It's finally cooled off in Texas so now the fun really starts. Standing at  pit in 110 heat is bad. When it's 80 though it's a joy.


----------



## oldognewtrick (Sep 24, 2013)

80* is cooled off? 57 here this morning and a high if 78...


----------



## Admin (Sep 25, 2013)

80 is a little slice of heaven. So nice out at 80.


----------



## Chris (Sep 25, 2013)

80 is perfect jeeping weather.


----------



## nealtw (Sep 26, 2013)

...................................


----------



## Admin (Sep 26, 2013)

Chris said:


> 80 is perfect jeeping weather.



Tell that to my buddy with the Jeep. I tried to get him to haul me around in it yesterday but he was to busy. 

I miss my XJ.


----------



## Chris (Oct 4, 2013)

I miss my jeep to. It has a dead battery sitting on my rv pad.


----------



## Admin (Oct 7, 2013)

When is the last time you took it out?


----------



## Chris (Oct 7, 2013)

A couple months ago.


----------



## Admin (Oct 8, 2013)

That's been too long. I make Keith start his up when I'm over there. I want it ready for camping this fall.


----------



## Chris (Oct 8, 2013)

I am going to charge the battery today, I may take it hunting this weekend.


----------



## Admin (Oct 15, 2013)

Did you do it?


----------



## Chris (Oct 15, 2013)

I charged the battery and started it but ended up taking my truck instead, something about 19 degrees with no top, doors or heater that swayed me away.


----------



## Admin (Oct 16, 2013)

It's getting cold down here now. 55 and raining.


----------



## Admin (Nov 19, 2013)

I did a pulled pork over the weekend that was amazing.
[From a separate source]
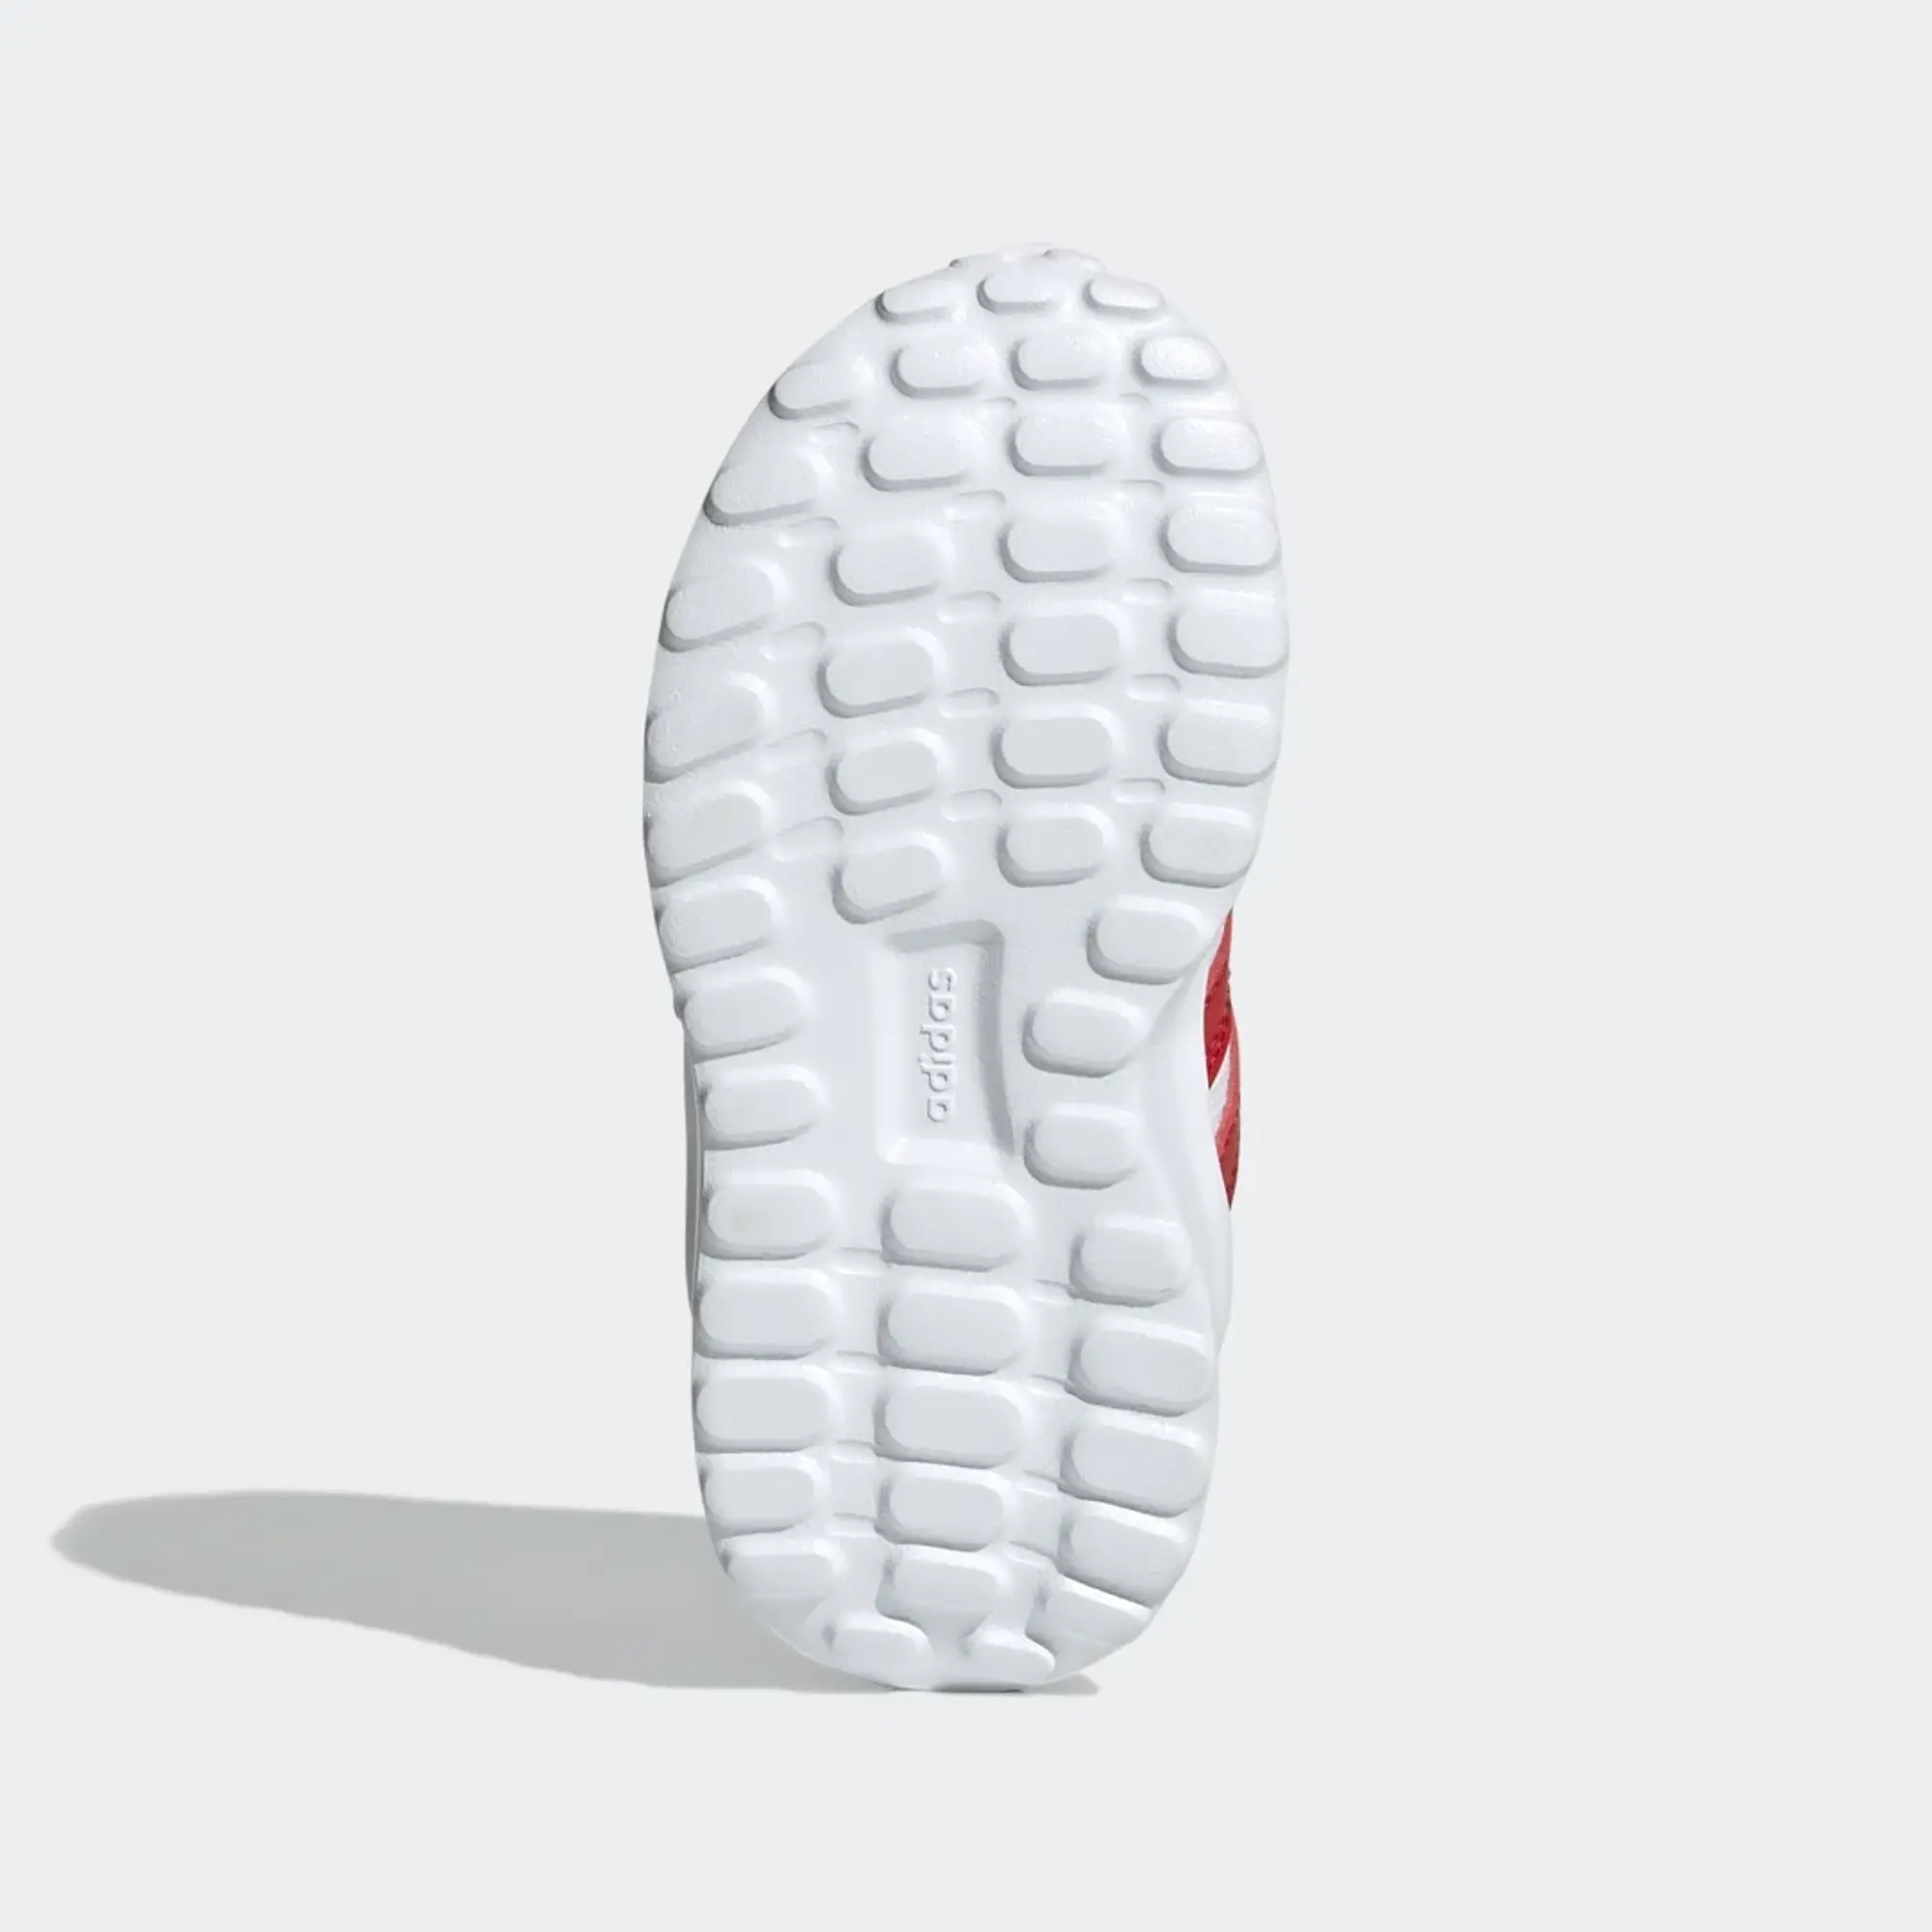 adidas Run 70s Shoes - Cloud White / Vivid Red / Dark Blue

I know as a Texan I'm not allowed to say it, but pork is so much better than  beef!


----------



## Chris (Nov 19, 2013)

I'll take a good brisket over pulled pork any day.


----------



## oldognewtrick (Nov 19, 2013)

I'm with ya on a good smoked butt Austin, hard to beat.


----------



## inspectorD (Nov 22, 2013)

oldognewtrick said:


> I'm with ya on a good smoked butt Austin, hard to beat.



Geez...you sit on one woodstove at a party.....


----------